Honorable ‘Menschen’

Anyone deserving of an ‘Honorable Menschen,’ can contact Sherry Hoffman via her e-mail: Sherryjewishtimes@gmail.com.
By Sherry Hoffman ... and YOU.

HARVARD’S GAIN

Samantha Goldhagen of Linwood is off to Harvard University, where she’ll earn a Master’s Degree in Technology, Innovation, and Education. After graduating with honors from the University of Maryland with a bachelor’s in psychology and education, she’ll continue at Harvard on her path to enriching and improving the education of preschoolers. While at Maryland, she interned for Sesame Street Workshop where she researched Sesame Street segments and assisted on Hope Against Hunger, a one-hour program to show children who are food insecure that they aren't alone. Another project of Samantha’s, this one for Child Trends, was researching preschool intervention for disadvantaged kids and the effects it has on their learning.

Samantha is the daughter of Jerry Goldhagen and Ina Rosen Goldhagen. Her family has been teaching preschoolers for generations. Mom teaches at Congregation Beth Israel’s preschool in Northfield. Mom Mom Cleo Rosen was a preschool teacher at Temple Emeth Shalom in Margate where her Pop Pop Seymour Rosen was Rabbi. And Samantha’s aunt, Harriet Rosen Uris, teaches preschool at Congregation M’kor Shalom in Cherry Hill. Imagine how many kids whose lives will continue to be changed for the better because of Samantha and her family.

RUNNING WITH THE TROTTERS

Red Klotz has had a love affair with basketball for the past 90 years. When he was three years old his mom put a basketball in his tiny hands and at that moment his fate was sealed.

Tim Kelly, retired Media Relations Director for Stockton College of New Jersey has written “ Red Klotz: Running with the Trotters” (Comteq Publishing) with a forward by famed sports writer Joe Posnanski. Due out in September the book follows Red’s life as he bought, coached, and began playing for the team that would regularly compete, and lose to the Harlem Globetrotters.

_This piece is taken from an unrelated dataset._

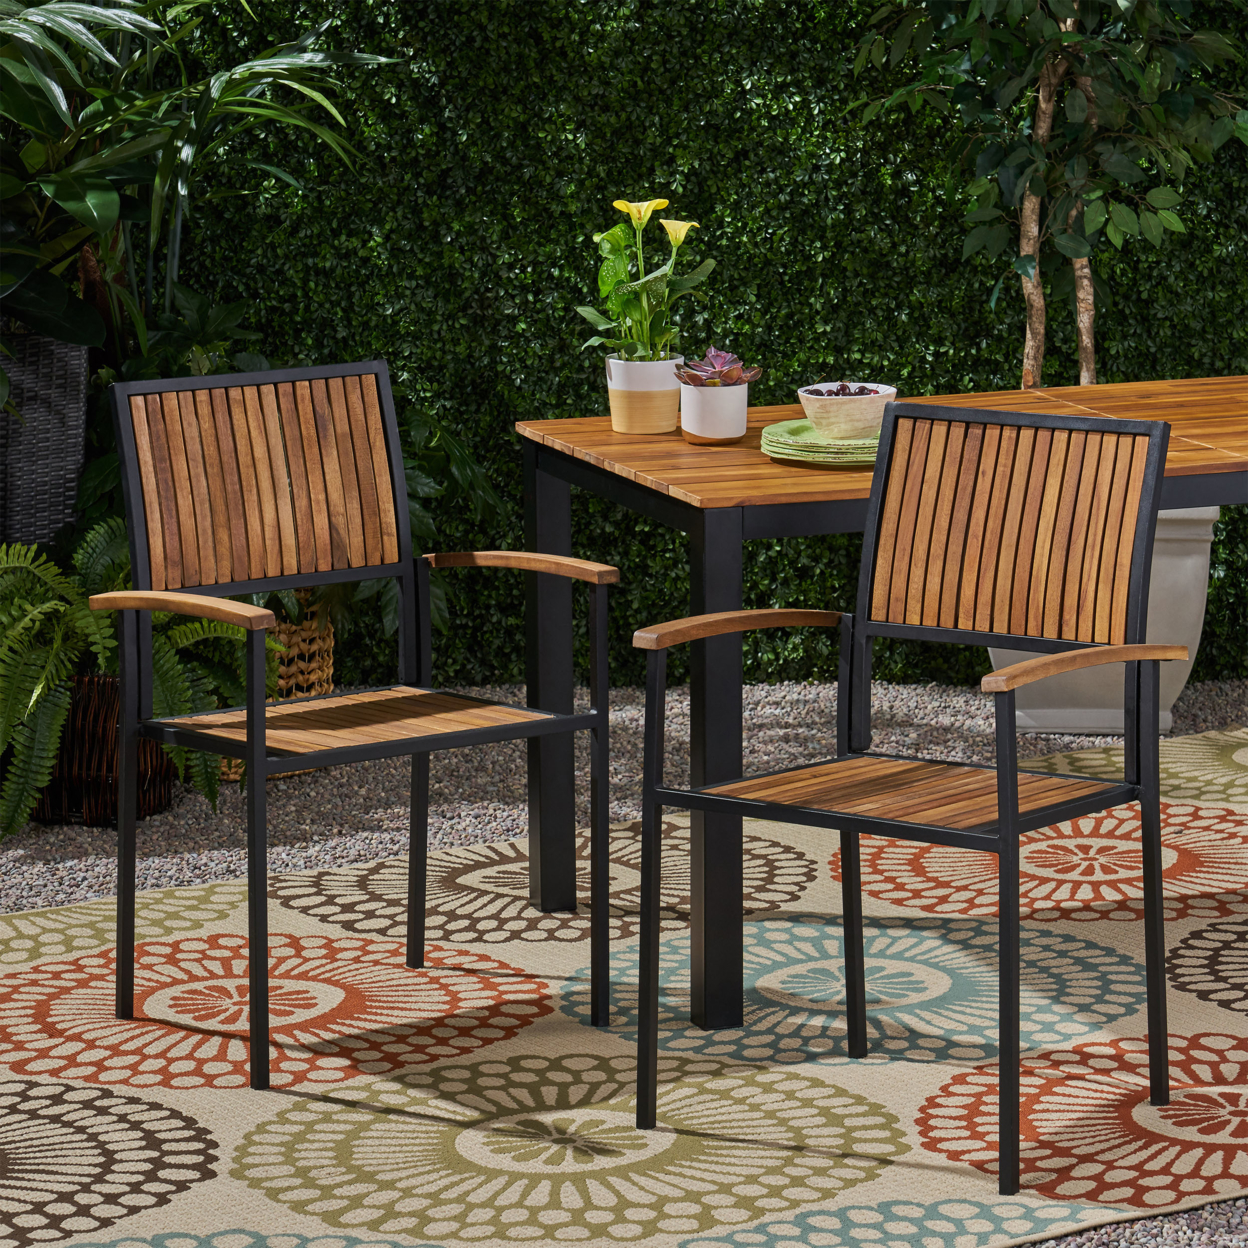 Owen Outdoor Wood And Iron Dining Chair (Set Of 2) - Teak Finish + Black Finish

“Red is the last great untold sports story of a guy that had no business being the superstar in basketball that he is,” says Kelly. “ He is probably the greatest living pioneer of the game, having played in over 100 countries and introduced the game in many of those countries that are now beating us in the Olympics and in international competition. They were all kicking soccer balls around when Red first started out.”

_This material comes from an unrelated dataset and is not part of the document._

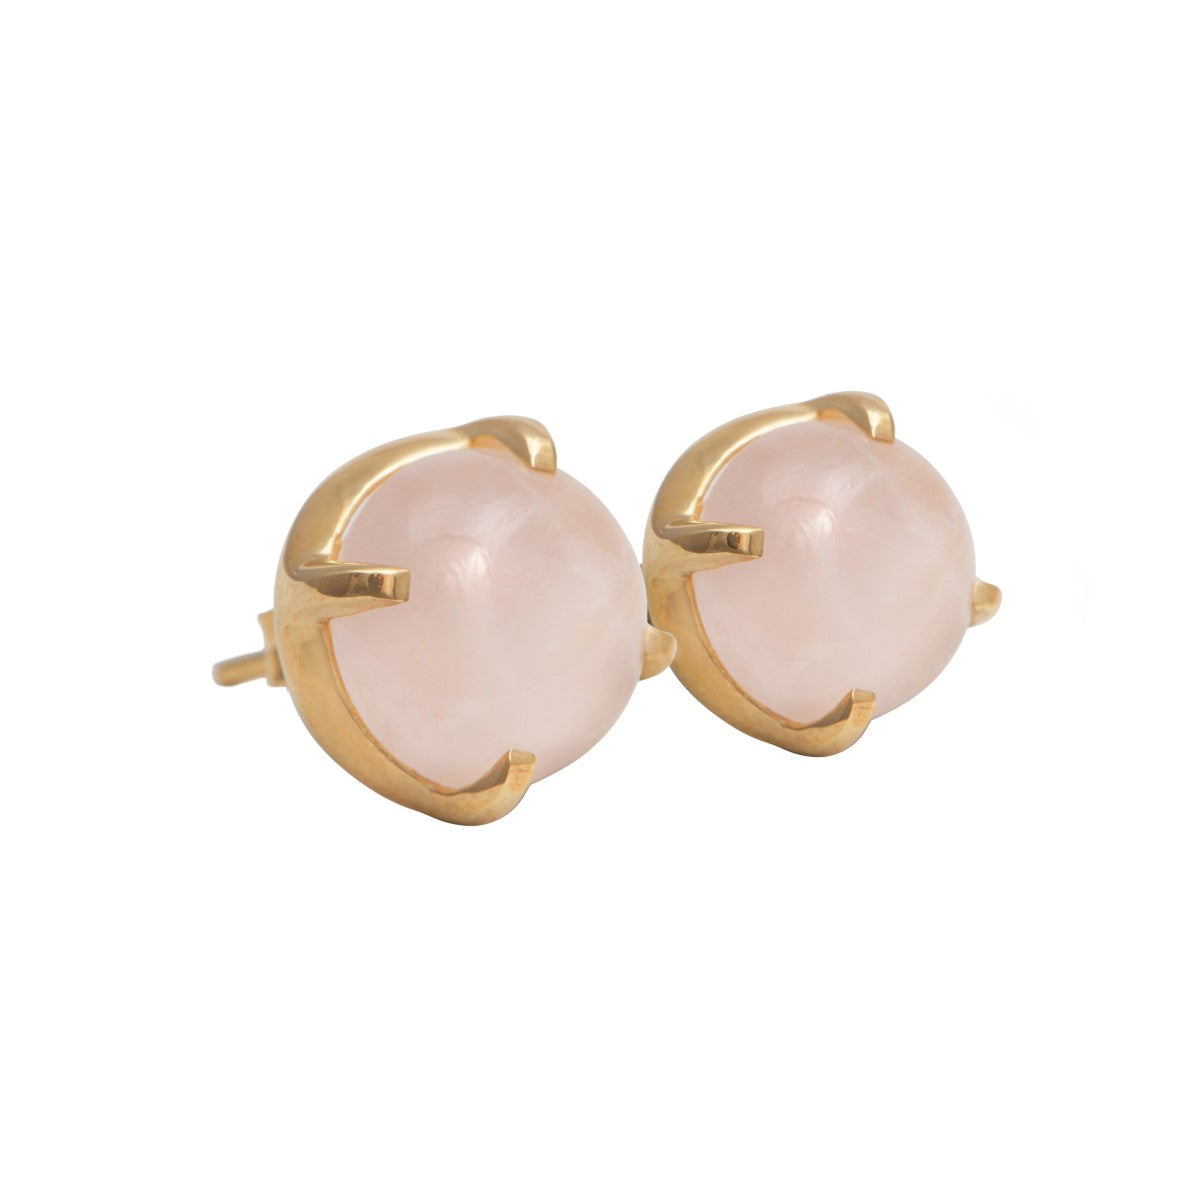 Round Cabochon Rose Quartz Stud Earrings in Gold Plated Sterling Silver

Red agrees. “They learned about basketball from us and we made the world fall in love with the game.”

The 5’ 7” point guard has been inducted into the Philadelphia Jewish Sports Hall of Fame and virtually every major magazine has run a story about him including a 6-page spread in the 1990 swimsuit issue of Sports Illustrated. But being inducted into the Basketball Hall of Fame has eluded him. Kelly hopes his book will get Red’s story out and he will finally get the credit he deserves.

Don’t be surprised if some savvy producer swoops up the movie rights to “Red Klotz: Running with the Trotters.” Kelly’s vision: Toby Maguire playing Red Klotz.

Red and wife Gloria raised their six kids: Ronee, Chuck, Glenn, Kiki, Jody and Casey in Margate, where Red was regularly seen at the basketball courts playing and beating kids onequarter his age.

Ronee Groff is her dad’s biggest fan. “He has had a lifetime of the highest level of integrity that you can have and be called a sportsman. You don’t lose thousands of games and never say a bad word about anyone.”

Red’s team has lost thousands of games against the Globetrotters and in turn caused Red to be known as “ the losingest coach in basketball.” Just for the record – the team did win one game. But Red’s theory is this: “When you make people laugh –that’s winning.”

DANCE TO THE MUSIC

A 30-year tradition is coming to the Katz JCC in Margate on August 9 at 6:30 p.m. The Israel Friendship Caravan, a traveling group of Tzofim (Israeli Scouts), crisscrosses America every summer sharing their lives through song, dance and story. Performing in Hebrew, English and Yiddish, the Scouts bring a great spirit with them and encourage the audience to dance in the aisles. The event is free and open to everyone.